I understand how he then has little choice but to step up when Vito and Sonny are killed, but what doesn’t seem to fit with the early indications of his character is why he doesn’t merely step into the role in a minimal way and then wind it back. Instead he turns it up to eleven.
I guess the corrupting nature of his situation is the point of the series, but (to get back to the OP) it would help make it more believable for me if GF1 included maybe at least one element (prior to the deaths of Vito and Sonny) that painted Michael as a little more ambiguous in character. Give him a hint of dark side. It would make the rest more believable for me.
… and I guess you might say that the hint of his dark side is his volunteering to make the hit on Sollozzo and McCluskey, but really that is a hot headed thing he agrees to do in direct revenge of his father.
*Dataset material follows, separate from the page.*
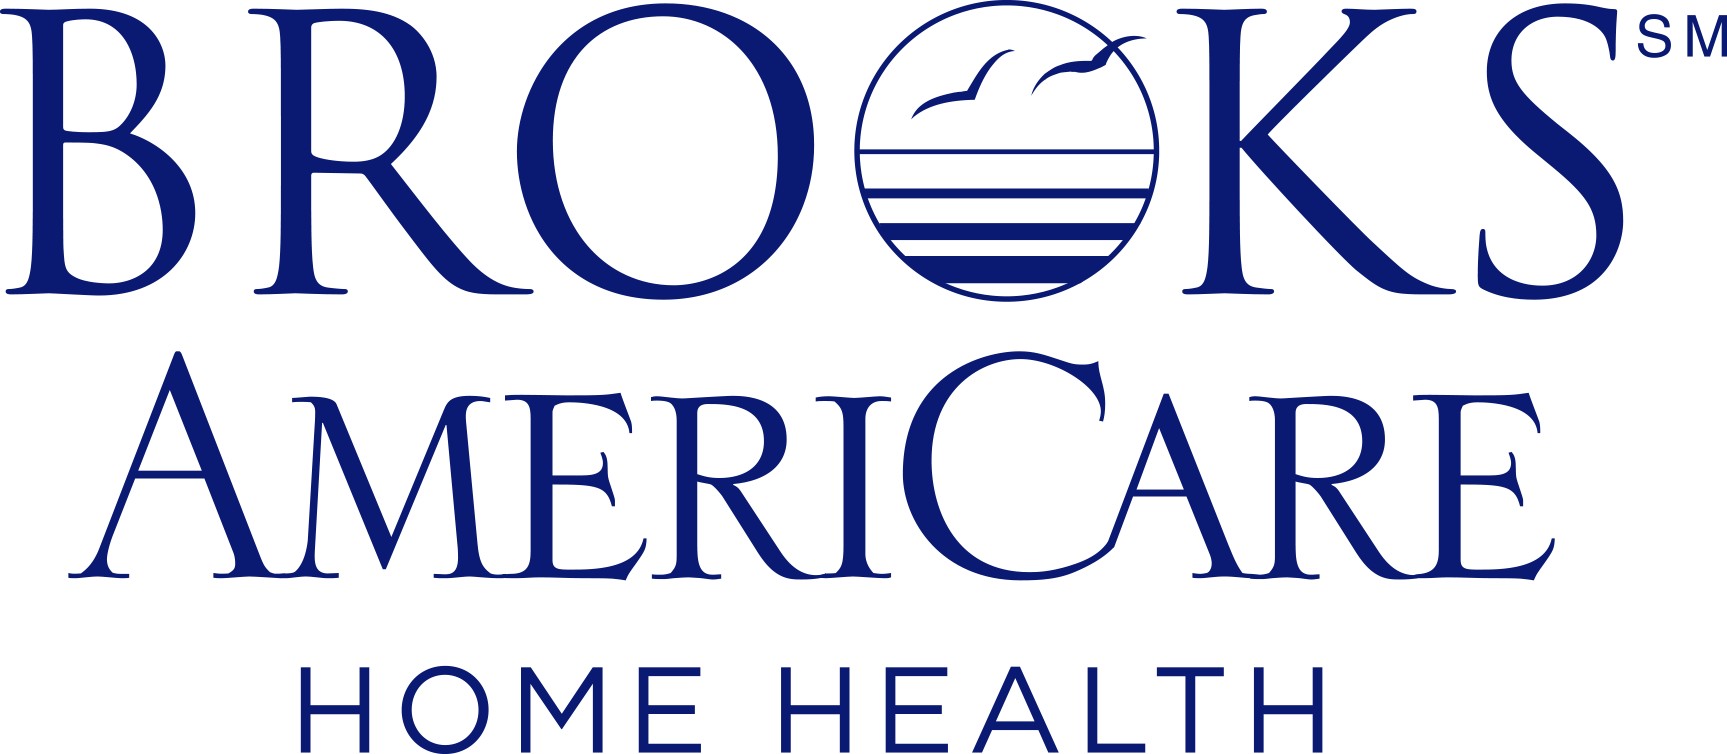 Brooks Americare Home Health | LinkedIn

It isn’t something that shows that what I interpreted as his basic distaste for the family business was corruptible.
You articulated my only complaint with GF1 better than I could, it reminded me of Revenge Of The Sith where Anakin’s turn to Vader made no sense, one small step to baby killing(literally!).
I doubt he had any expectation of undertaking a suicide mission, he just got unlucky. Michael’s bodyguard was a professional assassin imported from Sicily specifically to give Michael a weapon he could trust close to absolutely after the failed assassination attempt on his own life ( i.e. he couldn’t be 100% sure of his own guys ). He was doing just fine at eliminating Roth and Ola, but the Cuban military rushed security to the room before he could finish smothering Roth and he got caught.
If you’re talking about the first guy (who wore black while in Cuba), I don’t think it was a kamikaze - he just got caught.
If you’re talking about the second guy (who met Roth at the airport), I seem to recall something where it was discussed that the man who was to shoot Roth had to have nothing to lose - i.e., he was already terminal from cancer, or he was due to be rubbed out but this was his chance to make amends.